Buddy Austin

Personal information
- Born: Austin Wesley Rapes February 27, 1929 Lovejoy, Georgia, U.S.
- Died: August 12, 1981 (aged 52) San Joaquin, California, U.S.
- Cause of death: Myocardial infarction
- Spouse: Carmelita Rogers

Professional wrestling career
- Ring name(s): Austin Rogers Buddy Austin Bulldog Austin Francis Gabor Frank Gabor Frankie Gabor
- Billed height: 6 ft 2 in (188 cm)
- Billed weight: 240 lb (109 kg)
- Trained by: Roy Graham
- Debut: 1956
- Retired: March 30, 1977

= Buddy Austin =

American professional wrestler

Austin Wesley Rogers (born Austin Wesley Rapes; February 27, 1929 – August 13, 1981) was an American professional wrestler, better known by the ring name "Killer" Buddy Austin. He is best known for his appearances with the Los Angeles, California-based Worldwide Wrestling Associates promotion in the mid-1960s, where he held the WWA World Heavyweight Championship and the WWA World Tag Team Championship on three occasions each.

== Early life ==
Rogers was born Austin Wesley Rapes in Lovejoy, Georgia. Prior to beginning his professional wrestling career, he served in the United States Navy.

== Professional wrestling career ==

=== Early career (1956–1962) ===
Rogers was trained by Roy Graham, making his professional wrestling debut in 1956. Early in his career, he wrestled under the ring name "Frankie Gabor", teaming with Johnny Gabor as "the Gabor Brothers". By the late-1950s, Rogers had adopted the ring name "Buddy Austin", nicknaming himself "the Golden Gladiator" in reference to his bleached blond hair. During this time, he trained future NWA World Heavyweight Champion Harley Race while working for Gust Karras in the Midwest.

In 1961, Austin began wrestling for Heart of America Sports Attractions as "Bulldog Austin", briefly holding the NWA Central States Tag Team Championship. In mid-1961, he reverted to "Buddy Austin", and in June 1961 he was awarded the vacant NWA Central States Heavyweight Championship. He held the championship until November 1961, when he was defeated by Sonny Myers. Austin won the championship a second time that month, defeating Tarzan Tyler, His second reign lasted until February 1962, when he lost to Ray Gordon.

Austin made his first tour of Japan with the Japan Wrestling Association in 1962, competing in the fourth annual World Big League. In June 1962, Austin and Mike Sharpe defeated Rikidōzan and Toyonobori to win the All Asia Tag Team Championship. They held the championship for slightly under a month before losing to Rikidōzan and Toyonobori in a rematch.

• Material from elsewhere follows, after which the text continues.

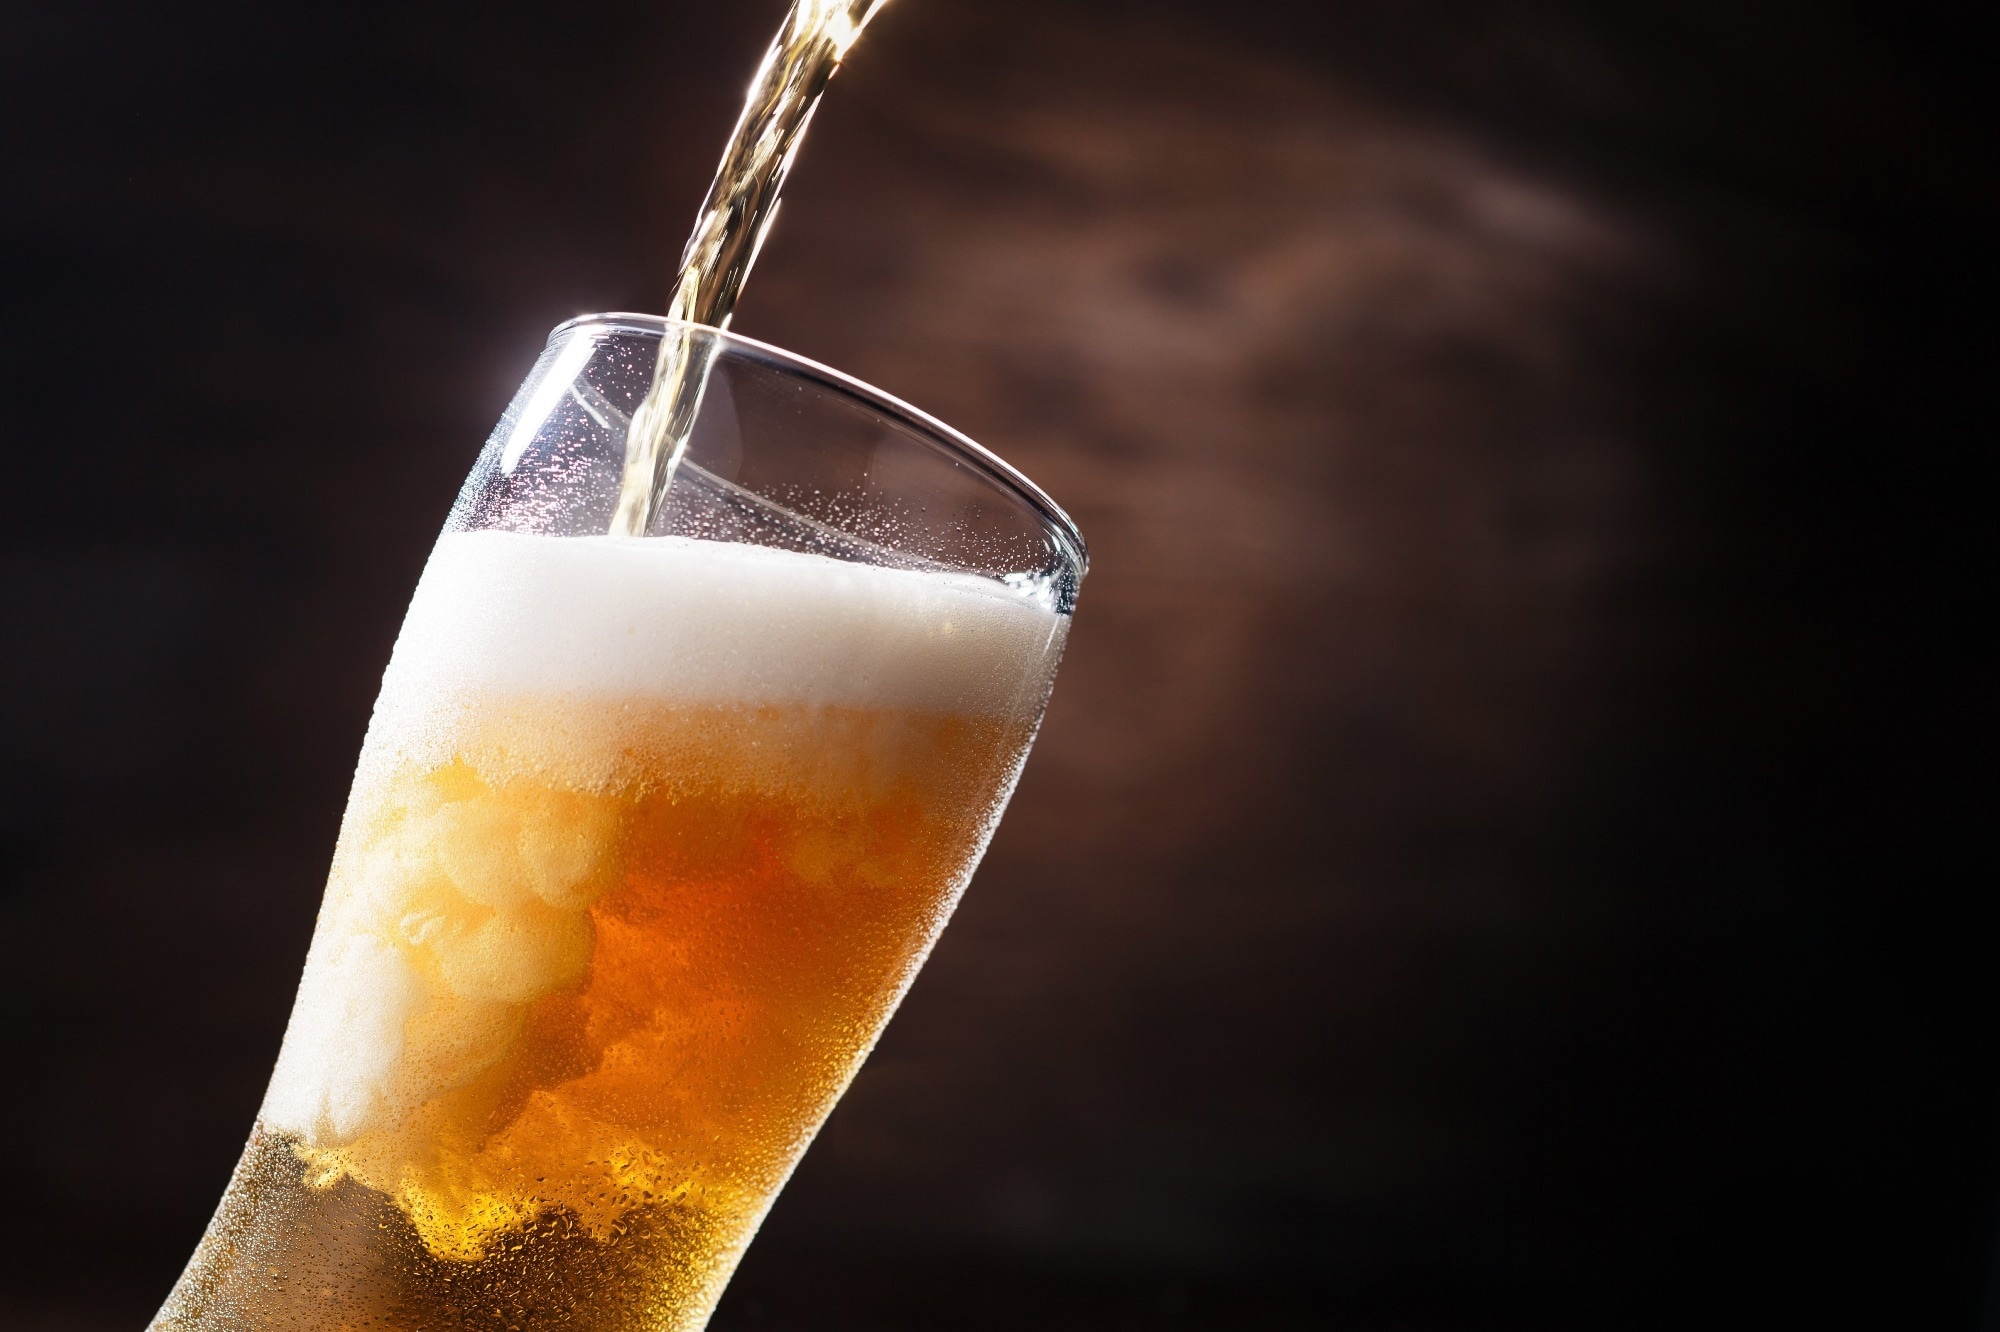 Study: Formononetin, a Beer Polyphenol with Catabolic Effects on Chondrocytes. Image Credit: Natural Box / Shutterstock.com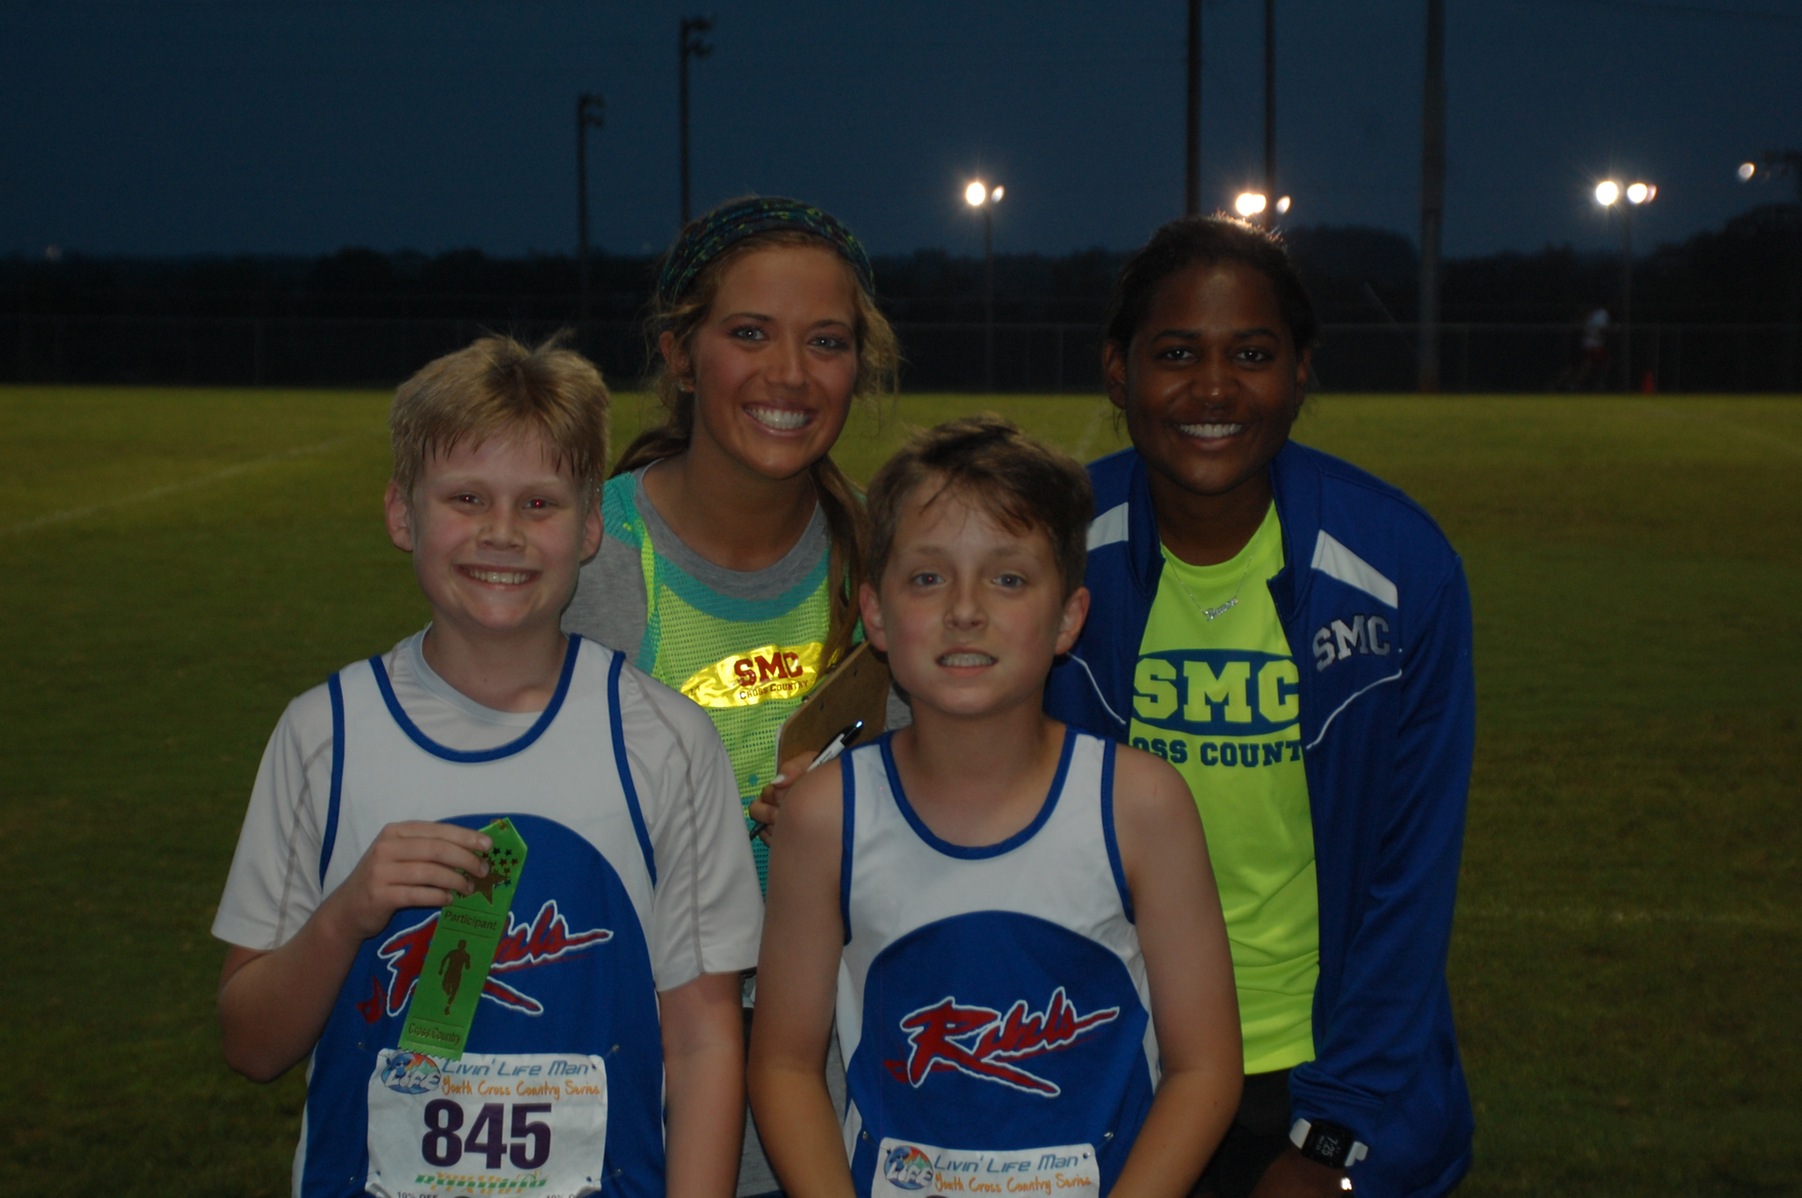 SMC Pioneers XC/TF enjoys time with youth runners

In late-1962, Austin adopted the nickname "Killer" and was given credit for injuring Buddy Rogers, who had been involved in a car accident. He built the character of an "arrogant heel" and "ruthless rule-breaker". In March 1963, Austin and Great Scott defeated Buddy Rogers and Johnny Barend for the NWA United States Tag Team Championship (northeast version). During their reign, the Capitol Wrestling Corporation withdrew from the NWA, and the championship was renamed the WWWF United States Tag Team Championship. In May 1963, Austin and Great Scott were defeated for the championship by Brute Bernard and Skull Murphy. At this time, Austin was one of the major challengers to WWWF Champion Buddy Rogers.

Austin subsequently travelled to Ottawa, where later that month he won a tournament for the vacant Canadian Heavyweight Championship.

===Worldwide Wrestling Associates (1962–1969)===
In 1962, Austin joined the Los Angeles, California-based Worldwide Wrestling Associates promotion, where he achieved his greatest success. In April 1966, he and El Mongol defeated Alberto Torres and Thunderbolt Patterson for the WWA World Tag Team Championship. They lost the championship to Luis Hernández and Pedro Morales in June 1966.

Austin went on to compete for the WWA World Heavyweight Championship. His first reign began in August 1966 when he defeated Pedro Morales. He lost the championship to Bobo Brazil in September 1966, but regained it in a rematch two weeks later. His second reign ended in October 1966 when he was defeated by Lou Thesz. Austin won the championship for a third and final time in August 1967, defeating Iron Mike DiBiase. During his reign, he formed a tag team with Freddie Blassie, and the duo defeated Pedro Morales and Victor Rivera for the WWA World Tag Team Championship a second time in September 1967. In December 1967, Austin and Blassie were defeated by Morales and Antonio Pugliese, but they defeated them in a rematch later that month to regain the championship.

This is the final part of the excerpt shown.